Question: We want to divide 60 A students,20 B students and 20 C students in two tutorial groups of equal size(50), so that in each group we have at least 20 and at most 35 A students, at least 5 B students, and at least 5 C students.
How many different compositions are there to form a tutorial group? (Using a generating function)
How many different ways are there to divide the students among the tutorial groups?
My solution far: The coefficient is $x^{50}$
$f(x) = (x^{25}+...+x^{35})(x^{5}+...+x^{15})^{2}$ $= x^{25}(1+...+x^{10})*x^{5}*x^{5}(1+...+x^{10})^{2}$ $=x^{35}(1+...+x^{10})(1+...+x^{10})^{2}$
It is practical to "symmetrize" the constraints first. The $A$-students have to be partitioned in two groups with cardinality $\in[20,35]$, which actually means two groups with cardinality $\in[25,35]$. Similarly the $B$-students have to be partitioned in two groups with cardinality $\in[5,15]$ and the same holds for the $C$-students. The group to be sent to Tutor $1$ can be chosen in $$ \sum_{\substack{a\in[25,35]\\ b,c\in[5,15] \\ a+b+c=50}}\binom{60}{a}\binom{20}{b}\binom{20}{c} $$ ways, reasonably assuming that two different students with the same scores are distinguishable$^{(*)}$.

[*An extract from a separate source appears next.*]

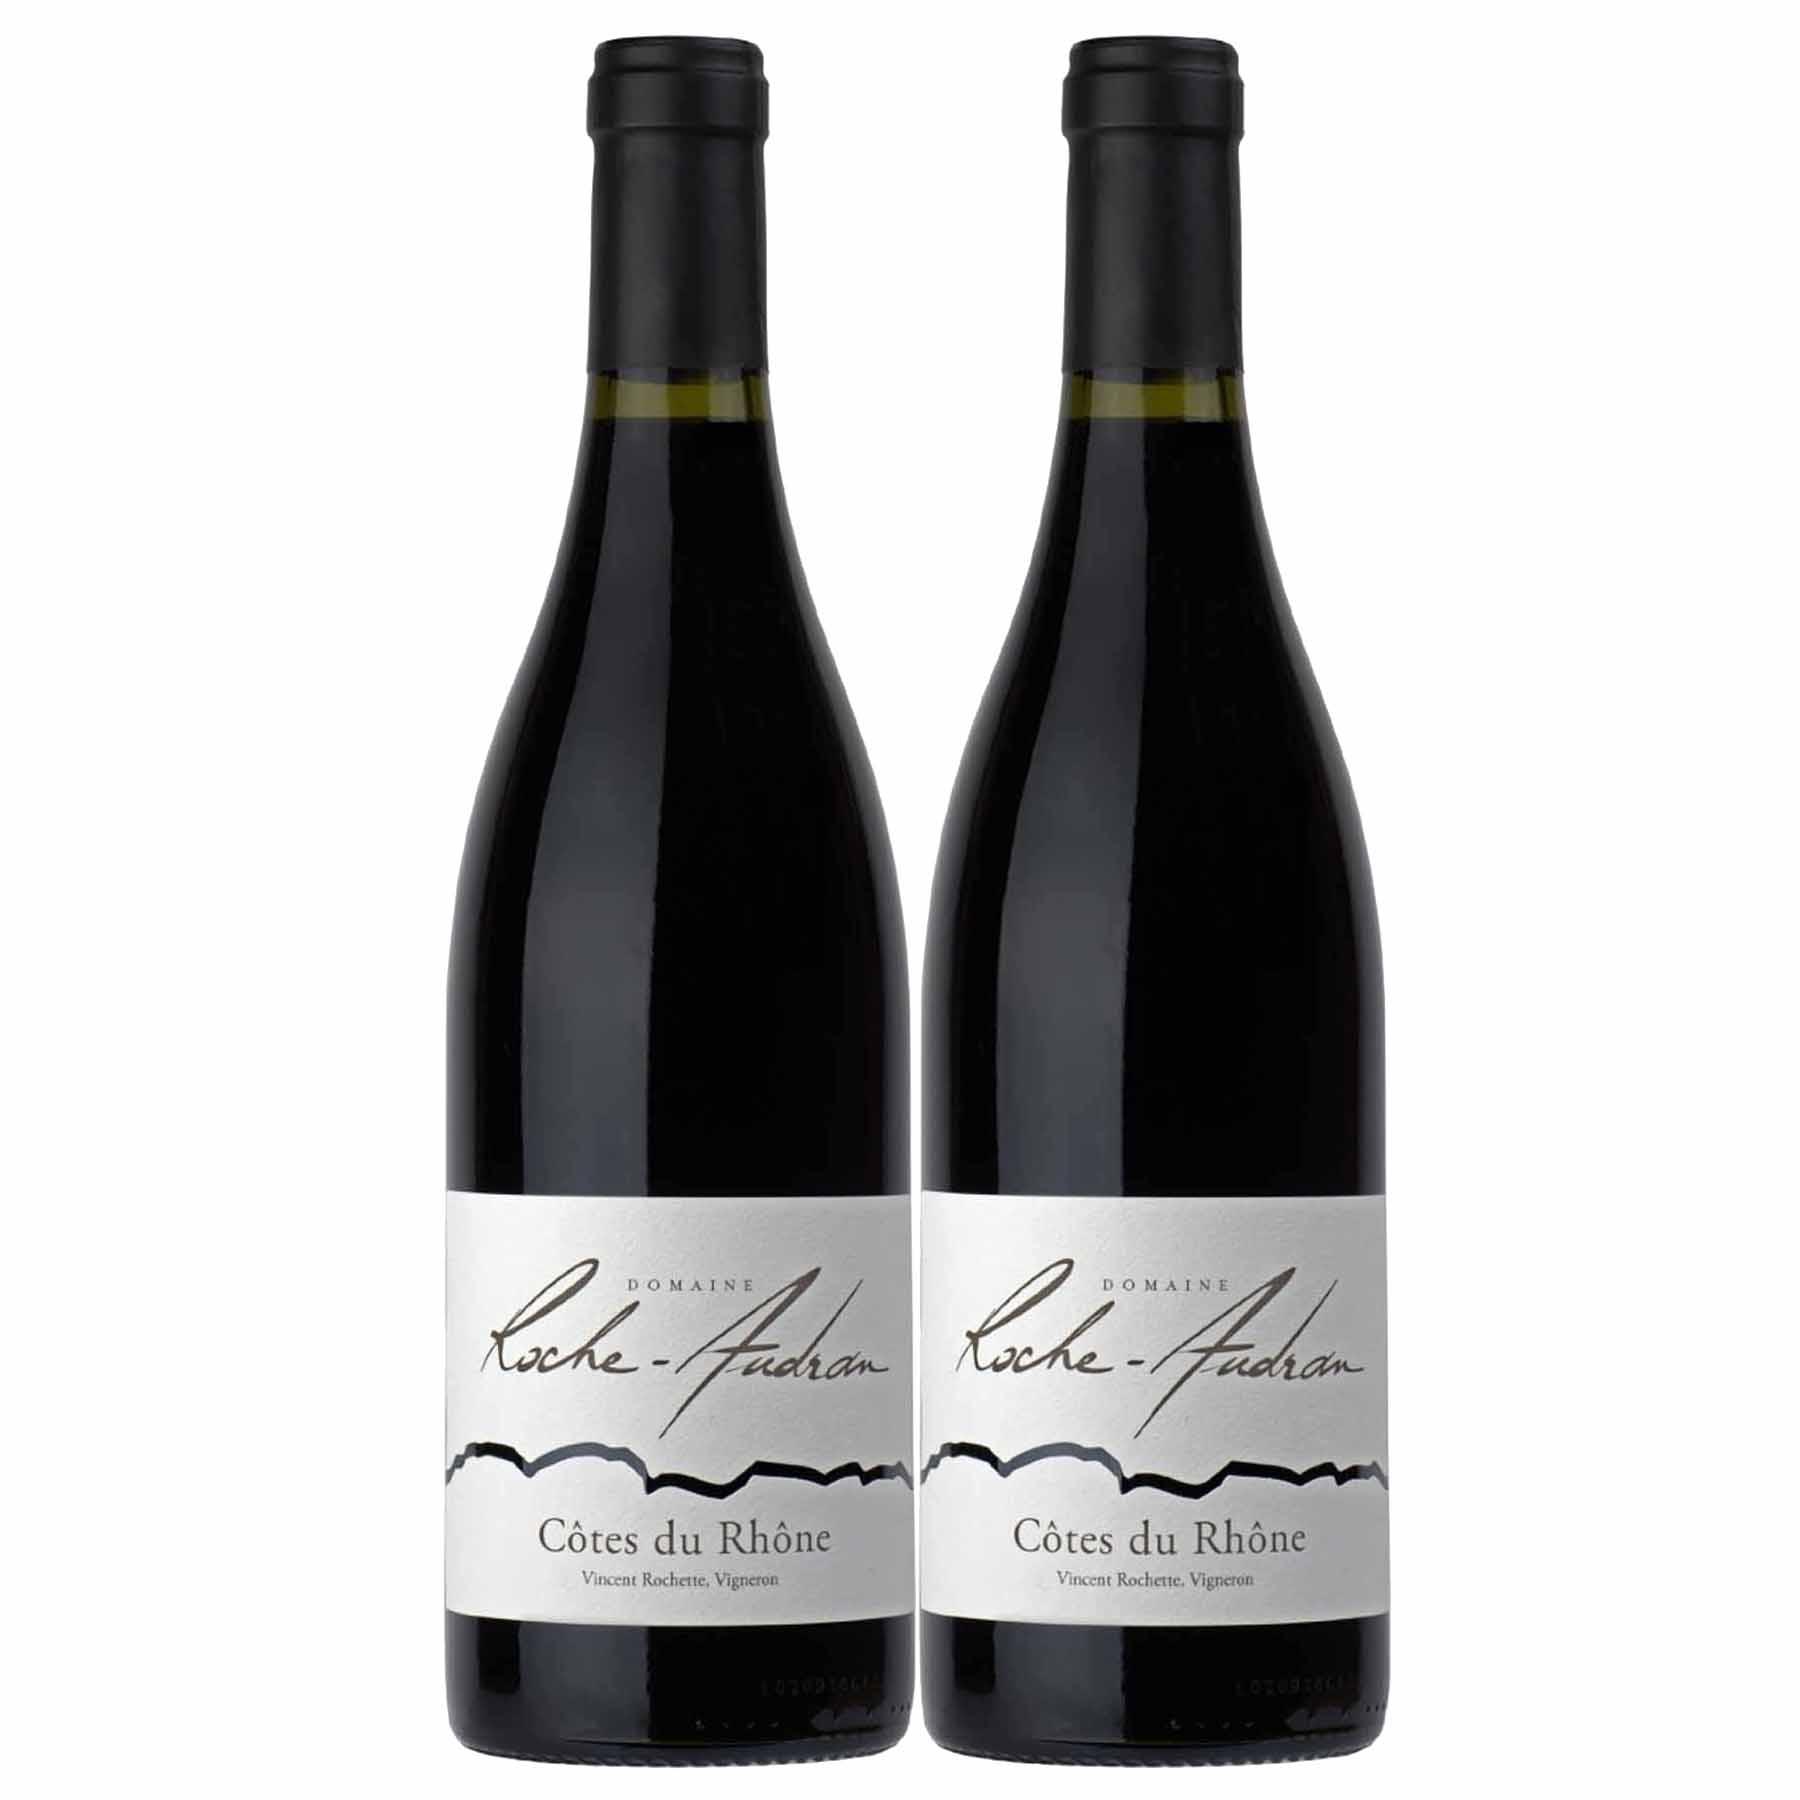 Kit 2x Vinho Tinto Francês Roche Audran Côtes du Rhône 2018

By Vandermonde's identity $$ \sum_{b+c=k}\binom{20}{b}\binom{20}{c}=\binom{40}{k}$$ hence the previous sum can be written as $$ \sum_{a=25}^{35}\binom{60}{a}\left[\binom{40}{50-a}-\!\!\!\!\!\!\!\sum_{\substack{b+c=50-a\\ b<5\vee c<5\vee b>16\vee c>16}}\!\!\!\!\binom{20}{b}\binom{20}{c}\right] $$ etcetera. For sure it is better to approach the question through exponential generating functions, rather then ordinary generating functions, due to $(*)$.